Student research at Kanyawara

Alex (right) is holding the laser apparatus while Nick (left) is snapping the photo.

This summer, the Kibale Chimpanzee Project welcomed a number of student researchers, including Nick Brazeau and Alex Smith from Harvard University. Nick, a rising senior, is working on his senior thesis project by collecting body size estimates of the Kanyawara chimpanzees. Alex, a rising junior, is his tireless research assistant. It is difficult to measure body sizes of wild chimpanzees, because researchers can’t easily convince them to climb onto scales. Instead we employ non-invasive methods like photogrammetry. Nick has assembled an apparatus that contains two laser beams mounted in parallel at a set distance of 5 cm. The laser apparatus is attached to a camera, and the projected beams provide a size reference in the photograph.

The lasers show up as green dots on the chimps bodies and are exactly 5cm apart. This method allows us to get estimates of body length like the one here of Big Brown.

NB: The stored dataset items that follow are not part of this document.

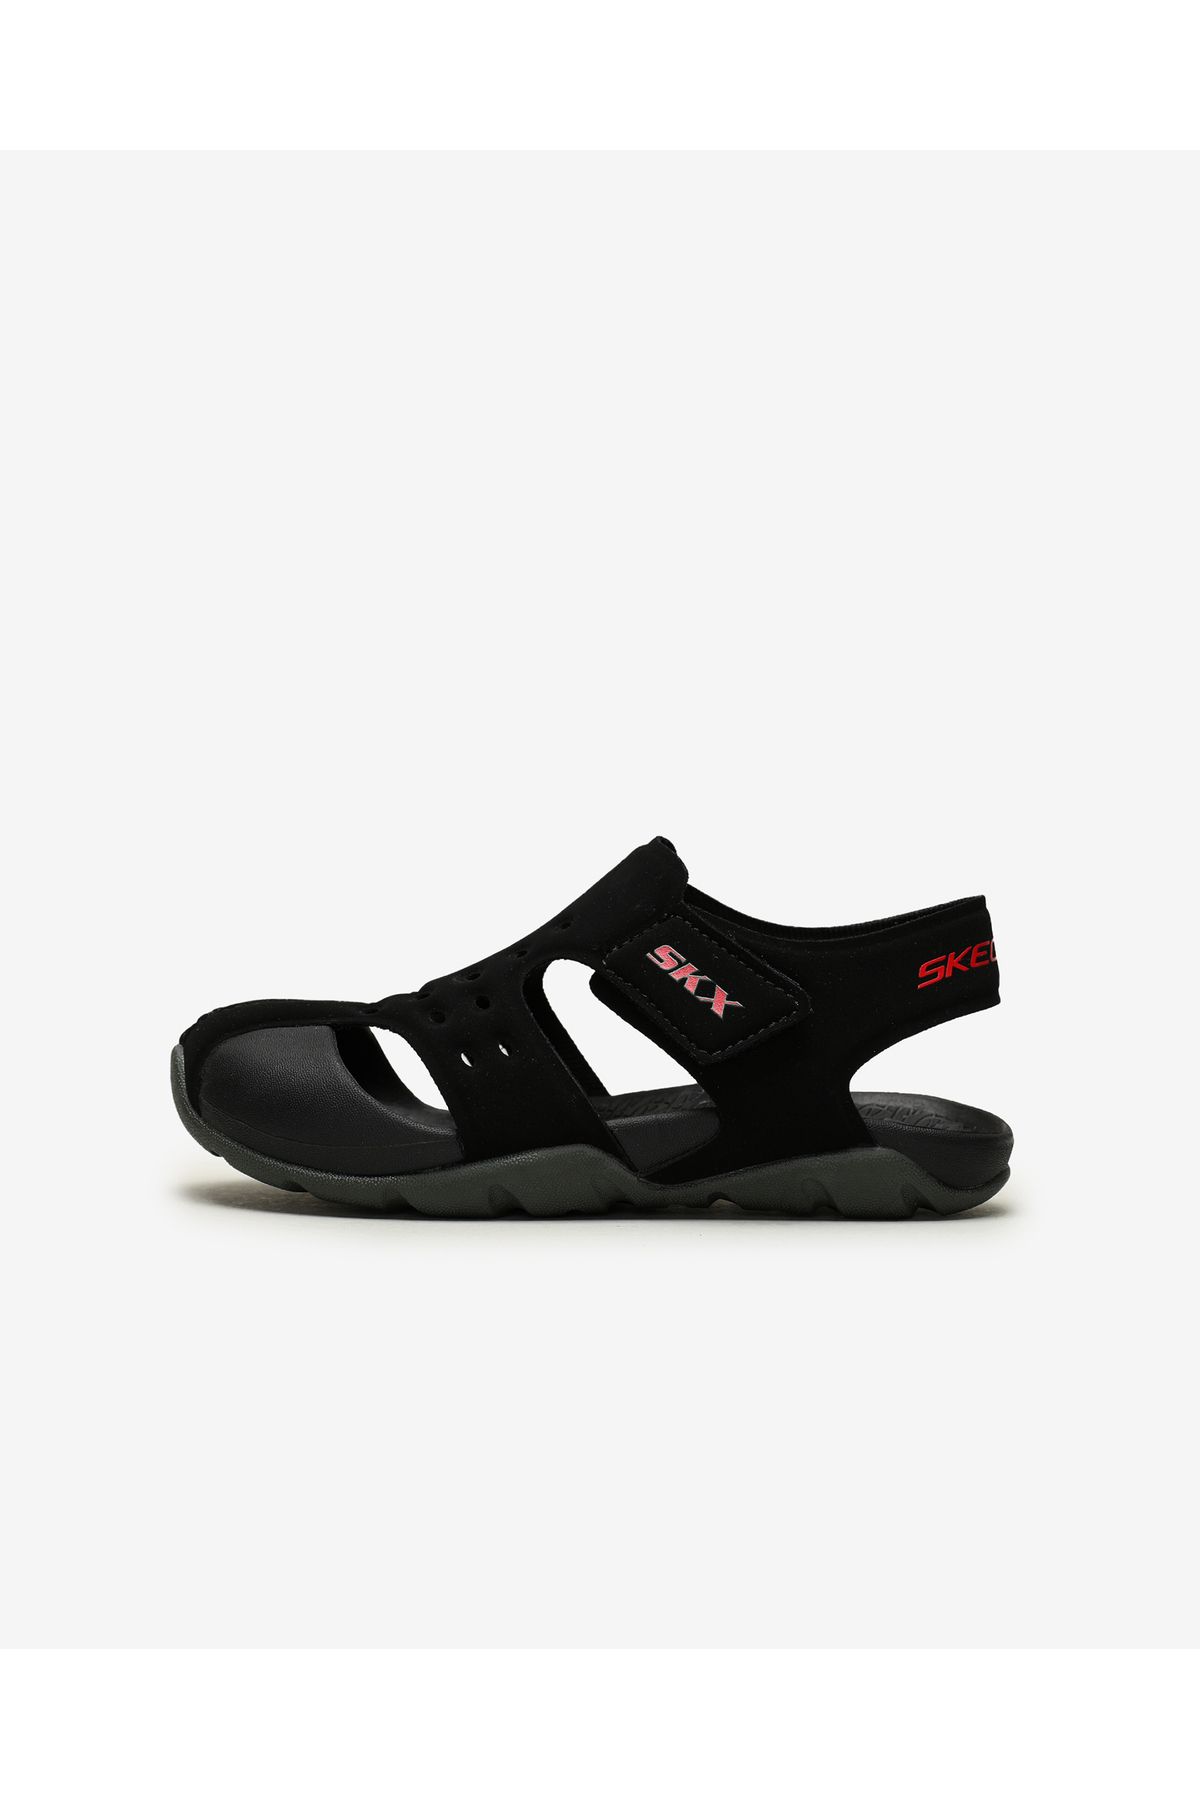 Skechers Side Wave Büyük Erkek Çocuk Siyah Sandalet 92330l Bkcc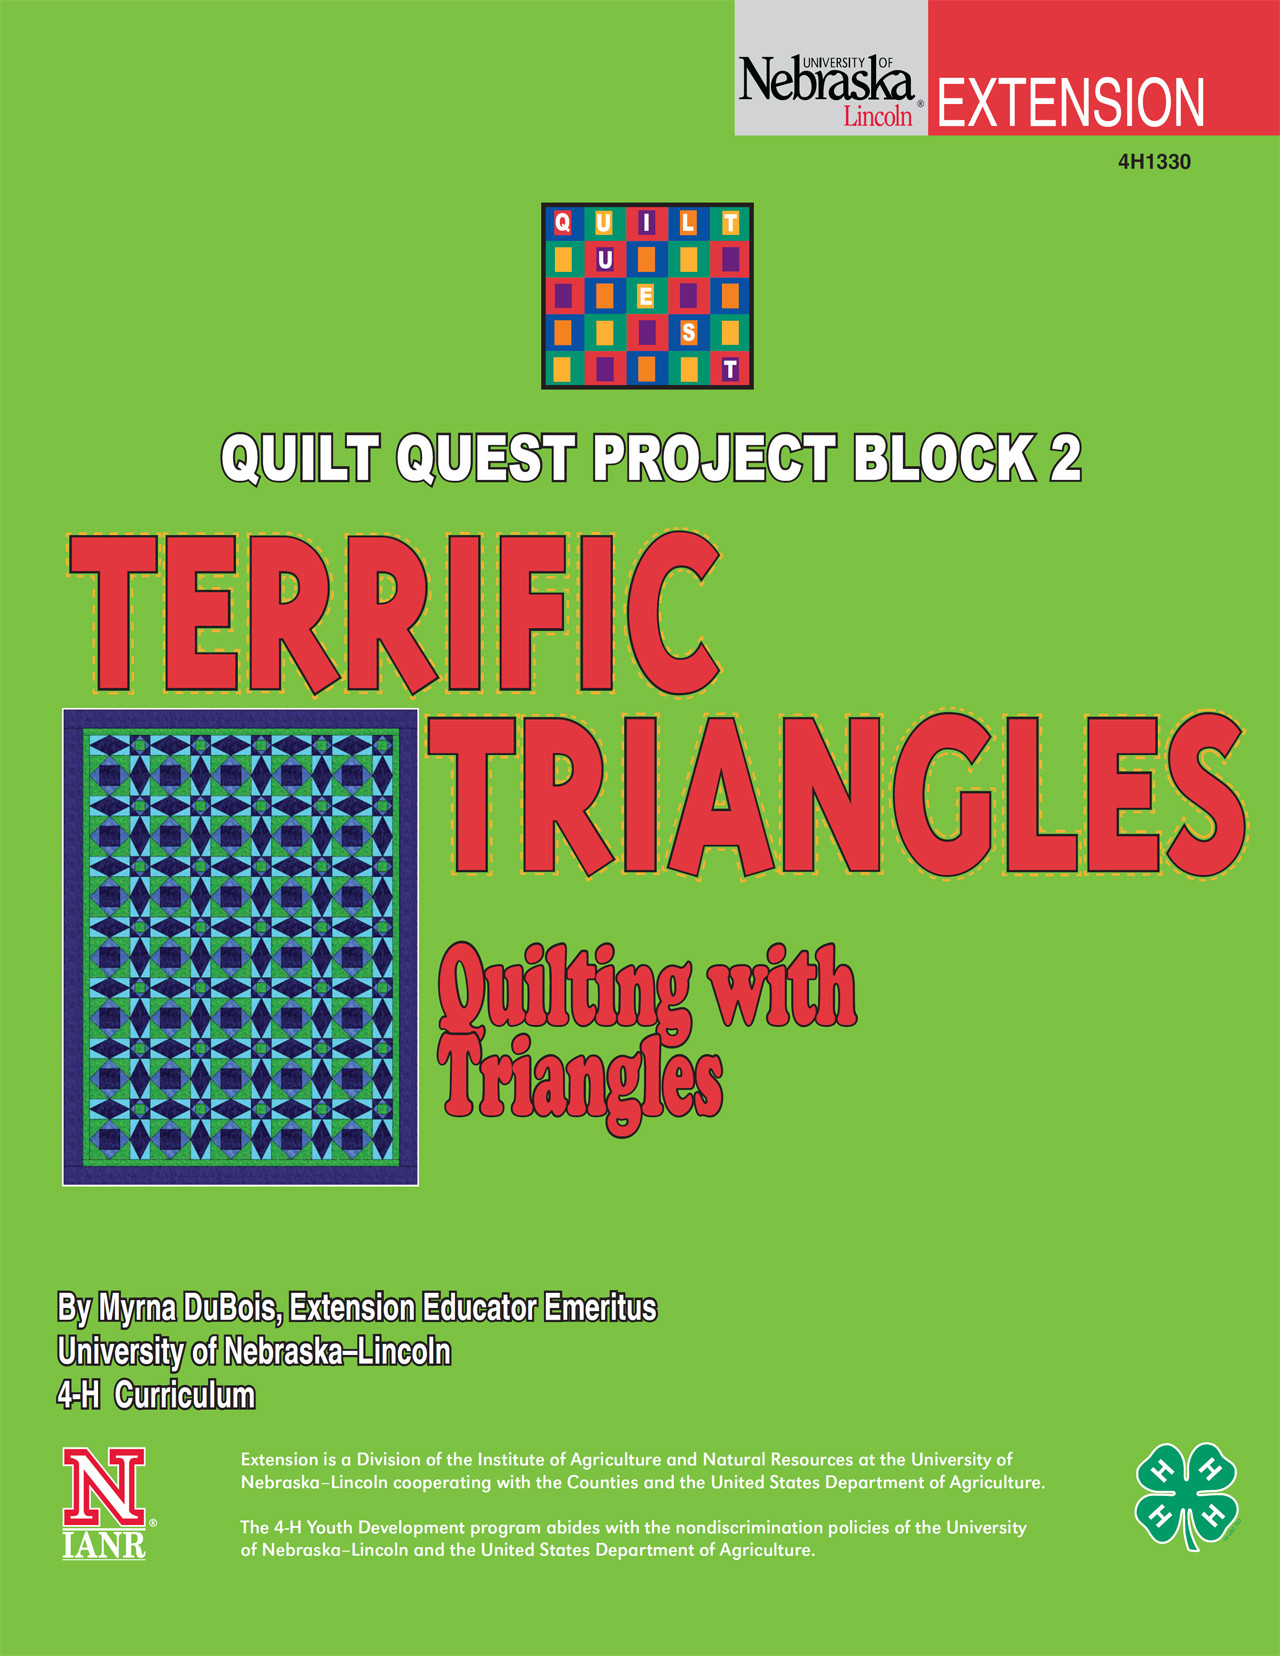 Quilt Quest Project Block 2: Terrific Triangles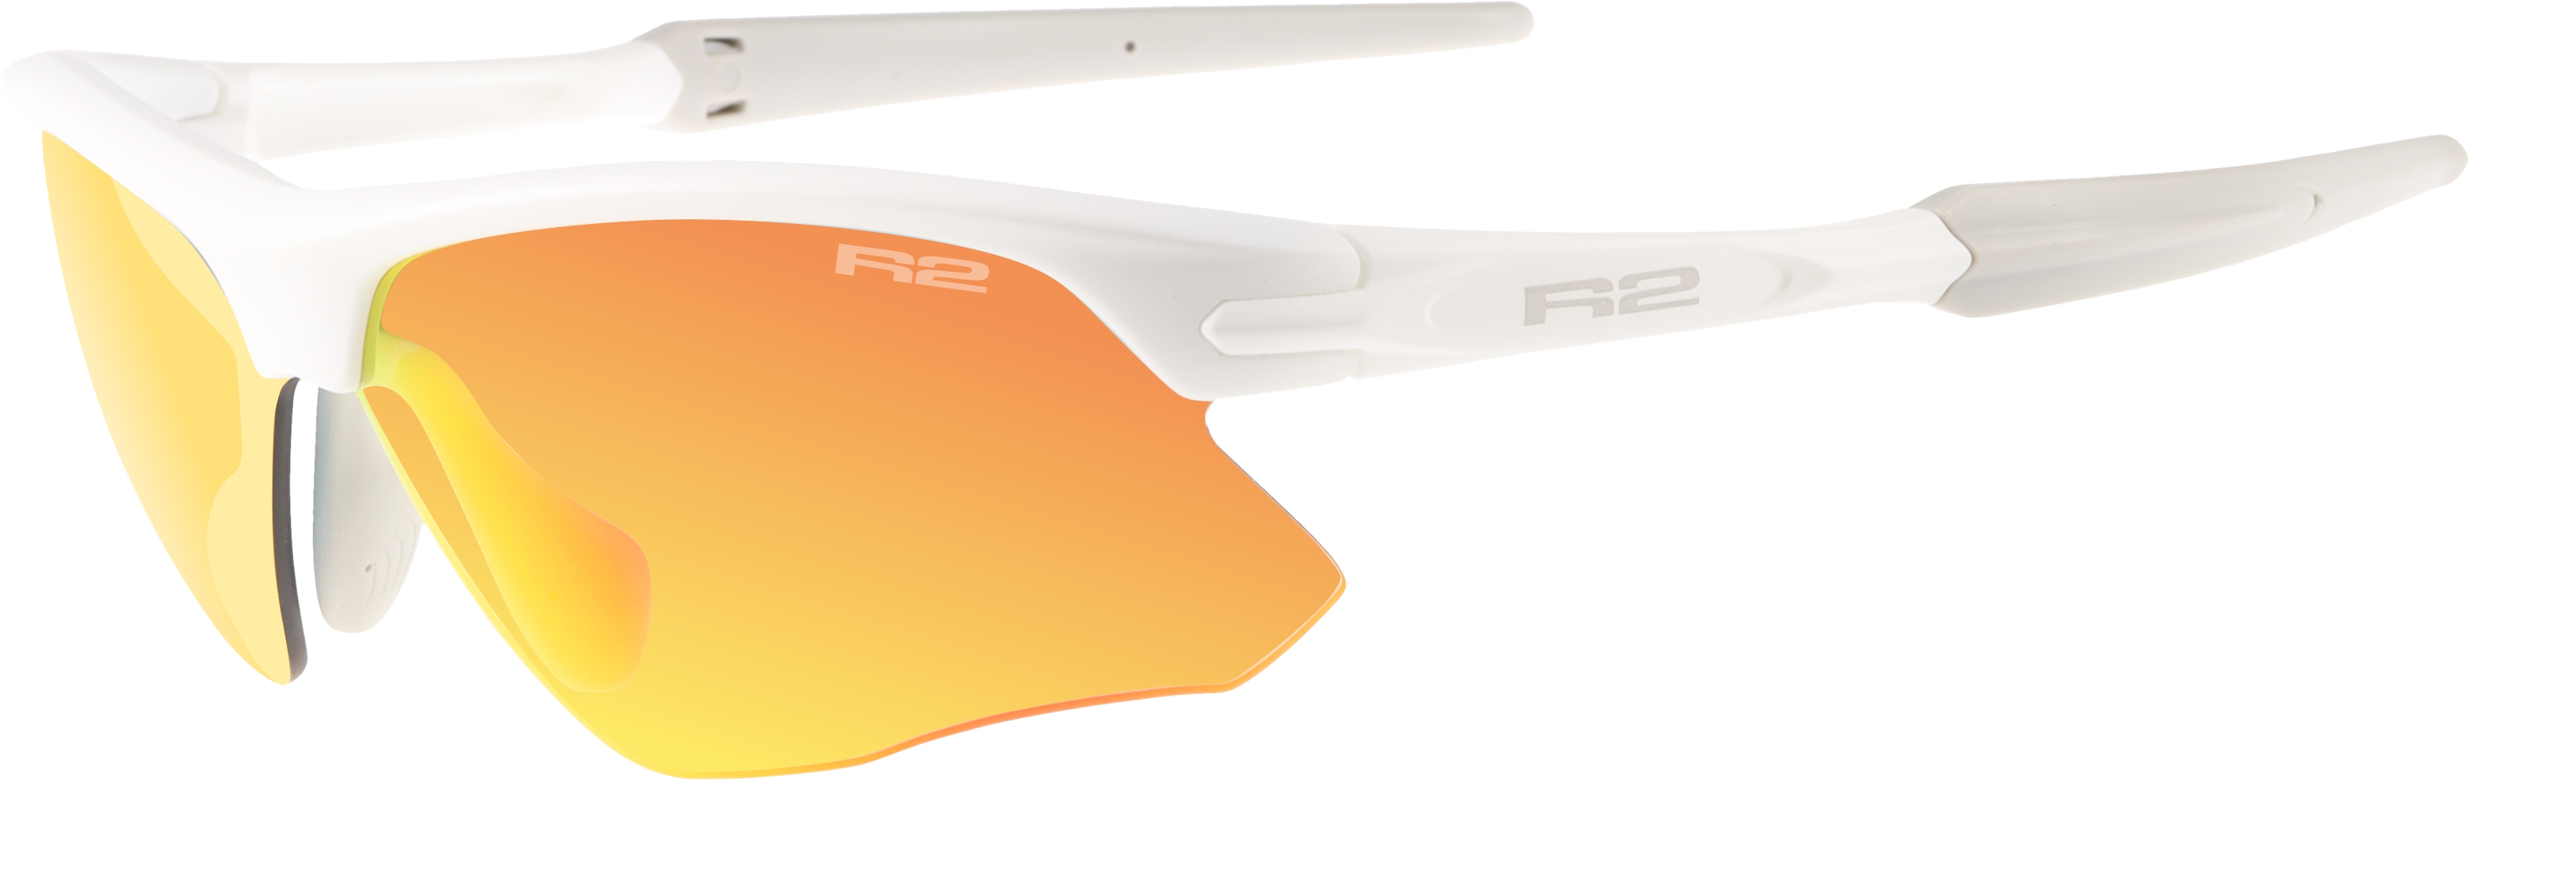 Sportovní sluneční brýle R2 KICK AT109G - XS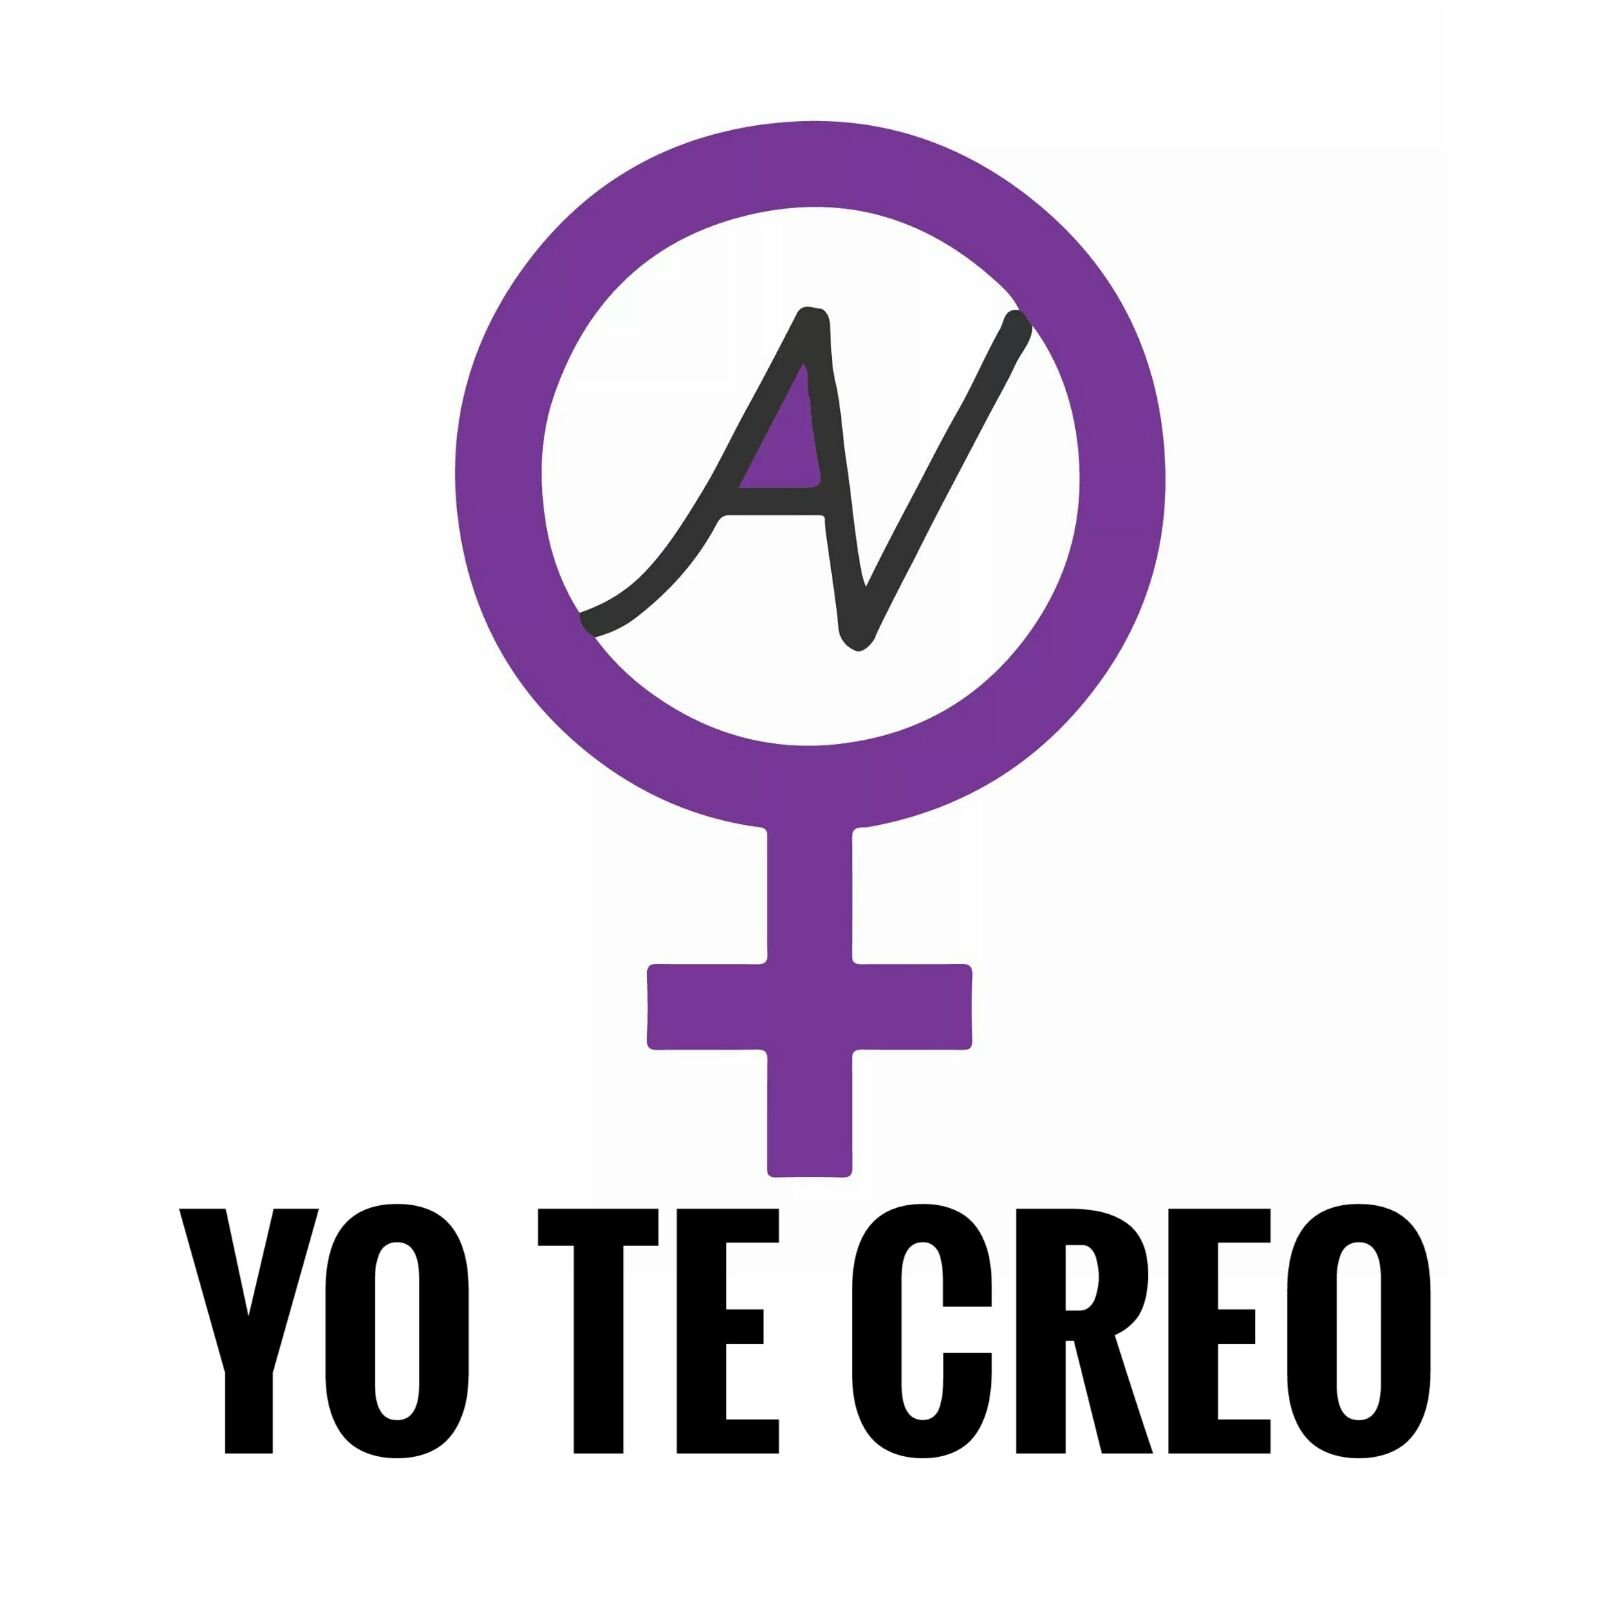 Frente feminista de Albacete, ocupamos cuestiones patriarcales, mujer y LGTB. Contacto: accionvioletaAB@gmail.com

For each chimpanzee, Nick and Alex measure multiple body parts, including the forelimbs, hindlimbs, trunk, back, skull, and testes. These measurements will be compared to body size estimates of chimpanzees using multiple methods, including a comparison with captive chimpanzees of known weights. Such data will be valuable in answering questions about growth, life history, the relationship between body size and dominance, and the costs of locomotion.